(458b) A System Identification Based Approach for Phenotype Phase Plane Analysis
Systems biology is a rapidly evolving discipline that seeks to determine how complex biological systems function by integrating experimentally derived information through mathematical modeling. Genome-scale metabolic network models represent the link between the genotype and phenotype of the organism, where they are usually reconstructed based on the genome sequence annotation and relevant biochemical and physiological information. These models provide a holistic view of the organism’s metabolism, and constraint-based metabolic flux analysis methods have been used extensively to study genome-wide cellular metabolic networks.
A prevalent method to dissect genome-scale metabolic models is phenotype phase plane (PhPP) analysis, which breaks down metabolic behavior in distinct phases through shadow prices analysis. The shadow price is defined as the effect of the metabolite concentration on the objective function. Two independent variables, typically the carbon and oxygen source, are varied, and the shadow price is calculated for each metabolite. Shadow price analysis has the capability to find if metabolites were limited or in excess, and if metabolite were expelled from the network. However, due to the scale and complexity involved in genome-scale models, many times only knowing whether a metabolite is limited or excess and whether it is expelled from the network is not sufficient in understanding the network. It would be very helpful to figure out how different pathways interact with each other for a given phenotype, and how such interactions differ from different phenotypes.
To address this challenge, we have developed a system identification based framework to extract qualitative biological information (such as how different pathways interact with each other) from quantitative numerical results by performing carefully designed in silico experiments. The basic idea of the developed framework is to treat the genome-scale metabolic network model as a black-box model, and to use designed input sequences (such as a series of carbon substrate pick up rates that keep increasing or decreasing) to perturb the network; then to apply multivariate statistical analysis tools in order to extract information on how such perturbations propagate through the network. We have applied this framework to genome-scale model evaluation, as well guiding the development of an improved genome-scale model of Scheffersomyces stipitis. Our experience show that this framework can effectively extract valuable biological information embedded in the numerical in silico experiments.

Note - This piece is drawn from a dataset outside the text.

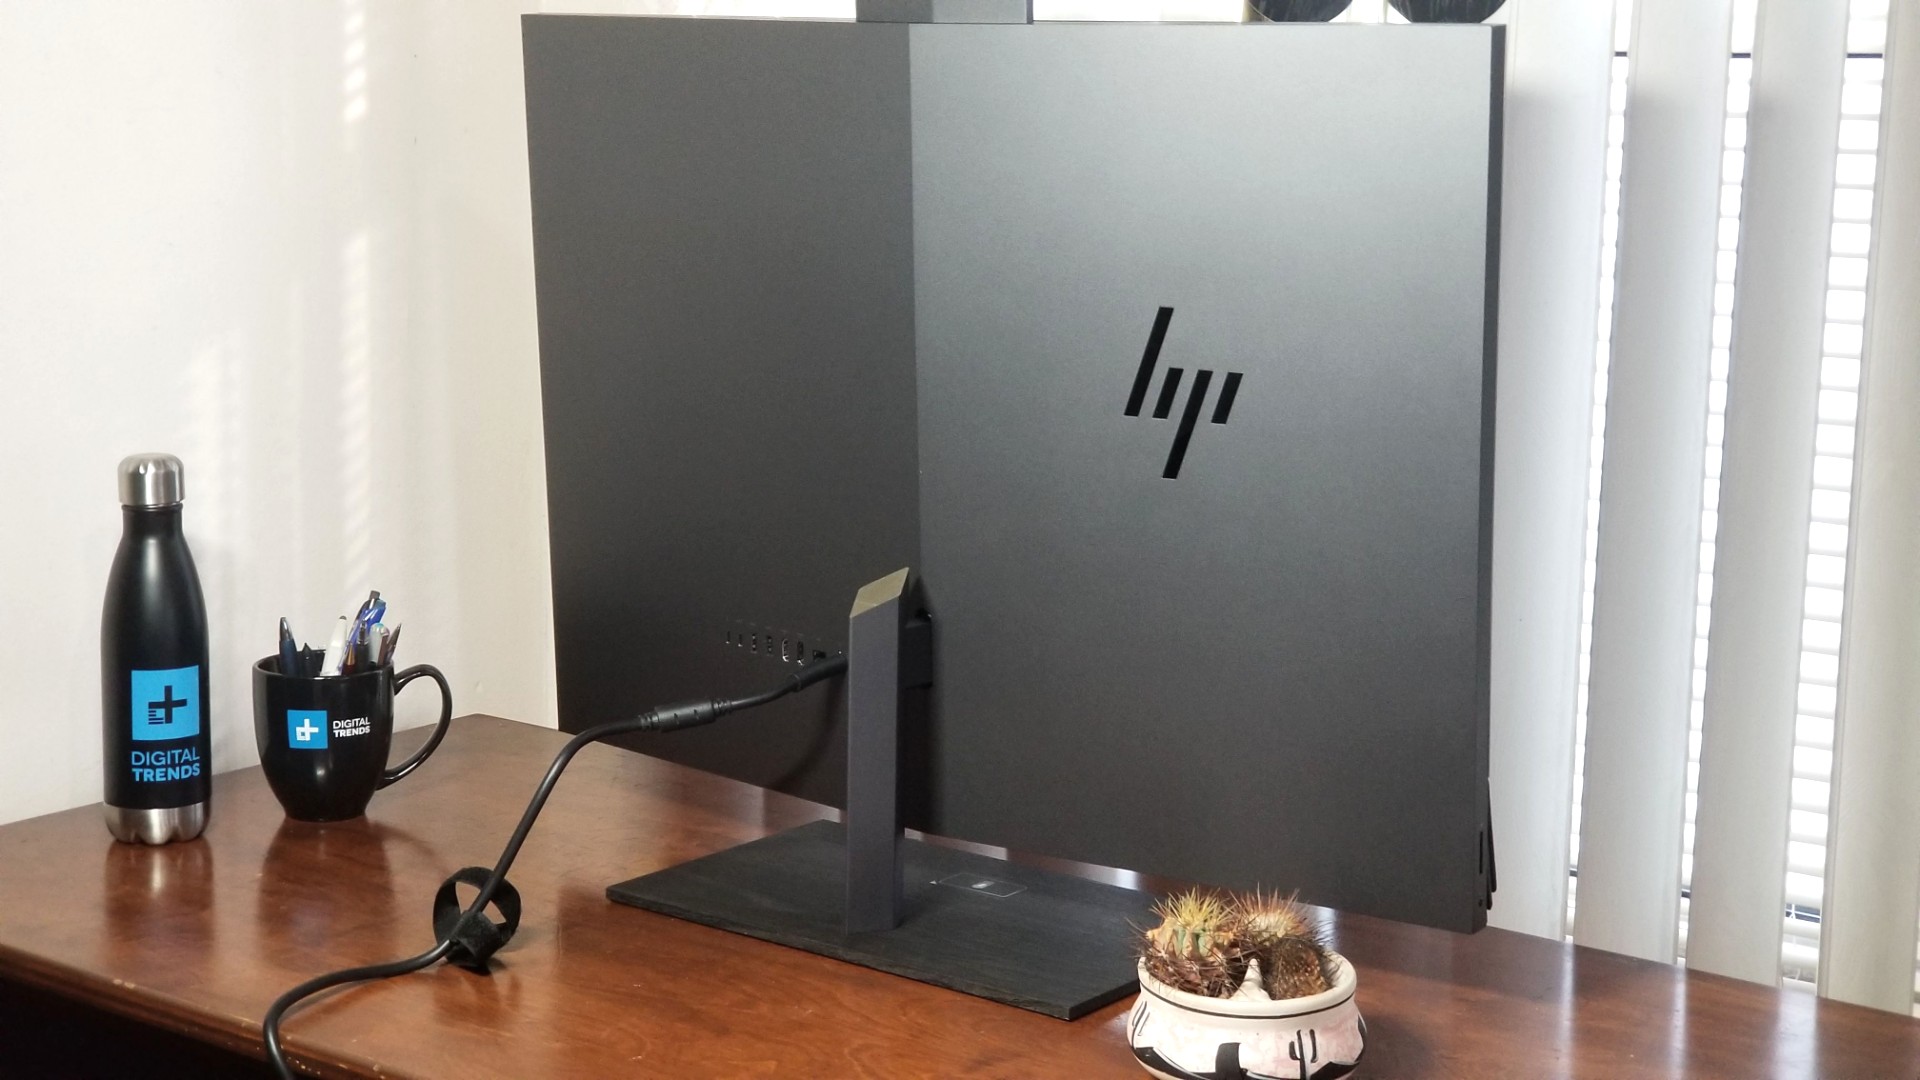 HP Envy 32 All-in-one review: A PC posing as media center

In this work, we extended this work to PhPP analysis. Several in silico experiments have been designed to obtain the same findings provided by shadow price analysis. In addition, the system identification approach can further provide how different pathways are affected by perturbing the substrates that are in interest, and highlight the metabolic differences among different phenotypes. The same illustrative example provided in the original PhPP analysis paper (Edwards, Ramakrishna, Palsson, Biotechnology & Bioengineering, Vol 77(1), 27-36, 2002) and the genome-scale metabolic network model of E. coli were used to demonstrate the effectiveness of the proposed phenotype phase plane analysis. Our results show that using phenotype phase plane analysis and system identification method in combination provides a powerful tool for revealing the metabolic capability of a genome-scale metabolic network model. The phenotype phase plane analysis provides a global view of each phenotype, while the system identification method extracts the key metabolic details by proper design of experiments. In summary, integrating the PhPP analysis with the system identification approach allow improved systems level understanding, which provides the foundation for improved strain development.